Over the past year, Kathleen had planned a vacation, moved to a new apartment and selected every bit of furniture for her new place from Ikea. She spent her summer going to the pool at her apartment complex and enjoyed a Halloween party at her apartment I was for which I was conspicuously not invited. She never did learn to use a phone to call but would use Facebook messenger to contact me to review the itinerary for my weekly visits. When I would visit, we would talk about the movies she had watched even though they haven’t changed in 20 years. I miss seeing her neighbors many of whom had disabilities. And of course, I miss her. Her routine became my routine. It’s fair to say I’m a bit lost these days.

In my quieter moments, I wonder if I would feel better if she had died living under my roof. Knowing that I didn’t save her life, and feeling like I could have is nearly maddening. But, as my new therapists told me, I’m not God. I take a small comfort in always believing that her life would end before mine. That I would be what is called Vilomah, a parent who has lost a child. It comes from Sanskrit and means “against the natural order of things”. But is it really against the natural order when I already knew it was going to happen? Where is the ancient word to describe me?

These big questions don’t really have answers but unfortunately, like my late daughter, I tend to perseverate on things. It’s a tendency often found in autism and OCD that keeps me stuck on a topic or idea. Like thinking about the 9th grade advanced earth science class that I dropped because I didn’t want to do the extra homework. This inconsequential totally legitimate decision has taken up a tiny corner of my conscious brain for 41 years. Maybe if I would have taken school seriously in 1983, I would have aimed higher than Travel School at Southeastern Academy in Kissimmee, Fl. Maybe if I would have actually gone to that travel school instead of dropping out to go to Ohio State, I would have had a successful career in Travel. It could have happened! In the world before the internet travel agencies were legitimate businesses….I’ll never know. Because shit just happens sometimes. Shit happens to people who have clear goals, too.

My clear goal these days is to allow myself to feel things from the time I wake up until about 7pm. I need lots of feelings to deal the big feelings that happen at my job. When I am off the clock, I’m done with the suffering. I indulge in alcohol and trash tv and anything else that dulls my senses. My PCP who is all of 20 years old (she’s probably older) told me that drinking isn’t good for me. She said I should quit. I thought it was a stupid thing to say to a Vilomah so I ignored her.

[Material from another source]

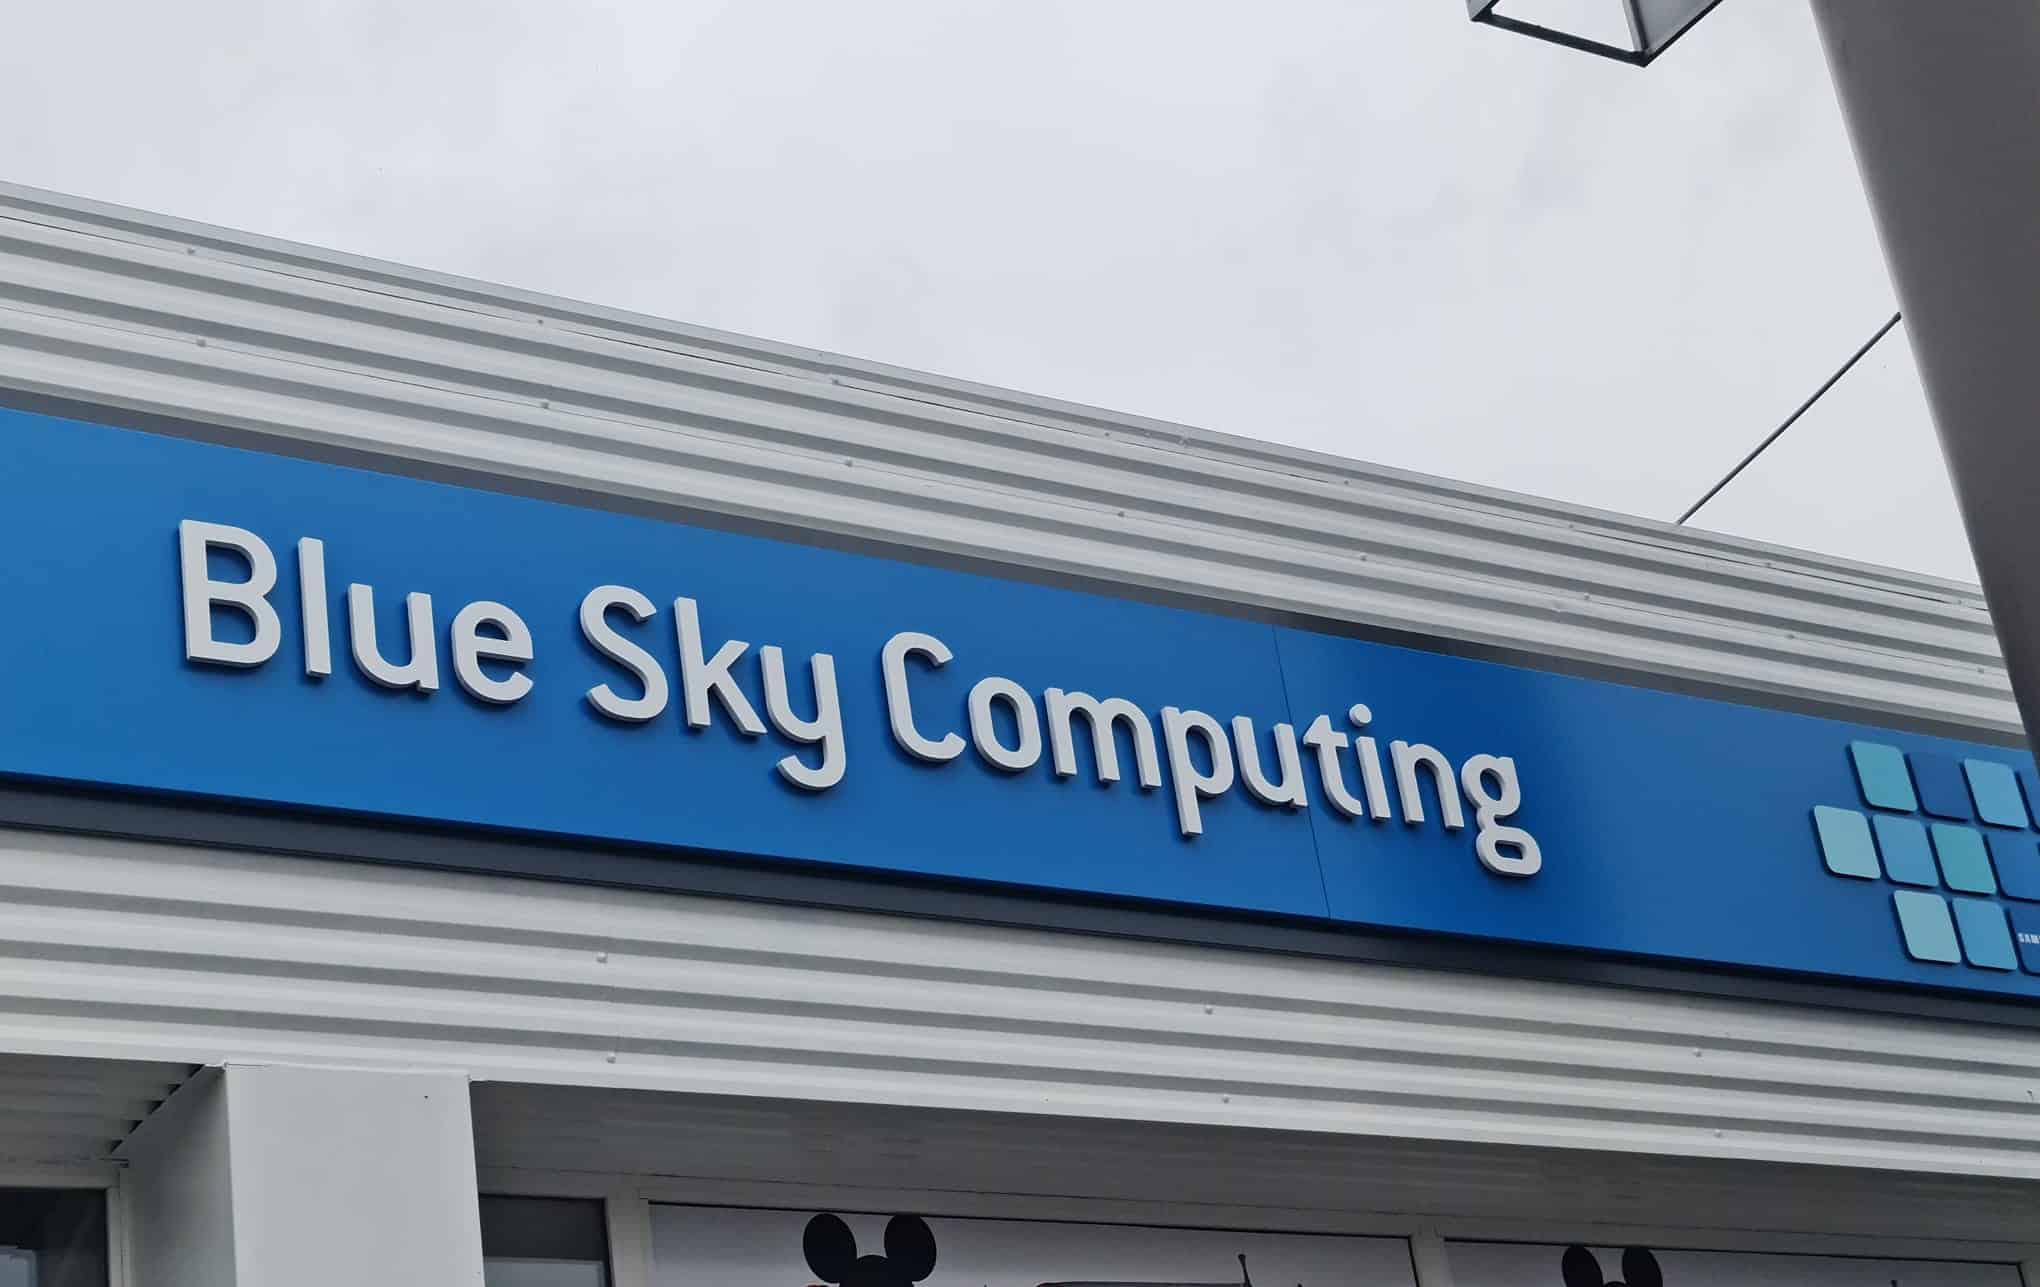 Blue Sky Computing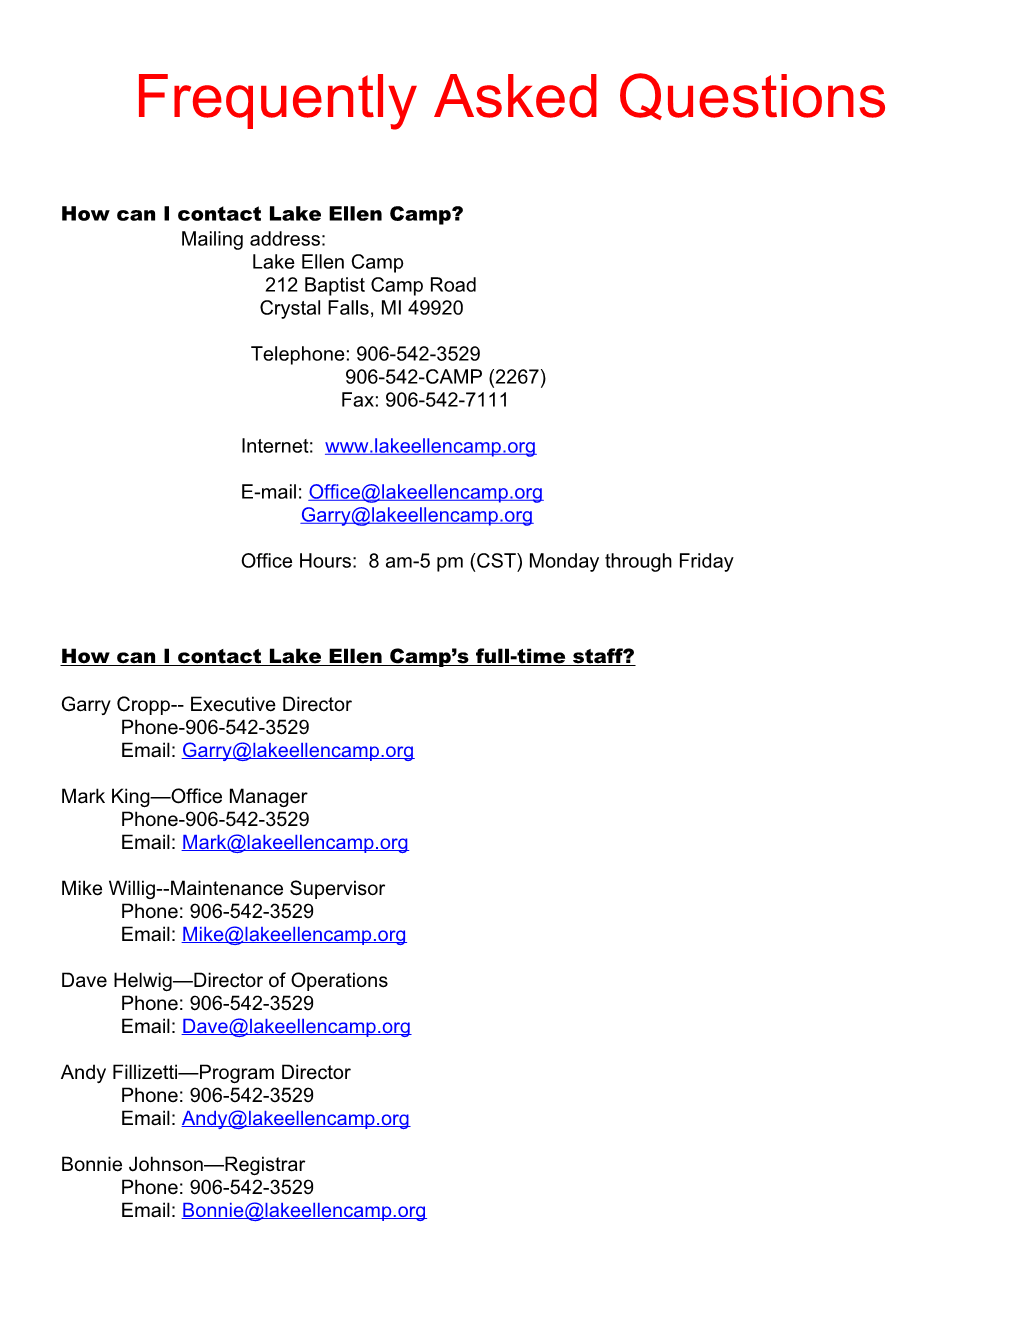 How Can I Contact Lake Ellen Camp?

Sometimes I think that this big achy question is a gift. Sort of a Buddhist gift; here is your suffering. Everyone has suffering, I know that I’m not special. I know you have your thing, too. Not to brag, but I think my thing is scarier to most people but as I love to say, life is not a competition, just an exhibition. As much as I want to believe this is the end of my suffering, I know it’s not. But I do sleep better knowing that I know how this particular pain happened. As her twin reminded me, Kathleen didn’t die from drowning, or running in front of a car, or being shot by a person at Food Lion who mistook her F’ bombs as a threat. All of those and many other ways to die have cluttered my brain since I saw her run into 4 lanes of traffic when she was 2 years old.

Trauma lives in my body. Relief lives in my body too as well as about 20 trillion fat cells. The stress and anxiety of raising my unique and challenging daughter is slowly leaving me. I’m really good at crying in public lately. I consider that I small win. I’m crying right this very minute at the coffeehouse where I go to write. No one cares, it’s kind of a relief. Maybe it’s an effect of covid, maybe I’m just hungover but no one seems to interact anymore, but everyone is a bit on edge. Like if you scratched the surface of any one person, all of this pain would pour out. But today in this coffeehouse we all made an agreement, no one interacts today. And just for today, that it totally fine. I’m crying here, I’ll cry in the car, and I’ll probably cry at home. Maybe I’ll cry myself to sleep.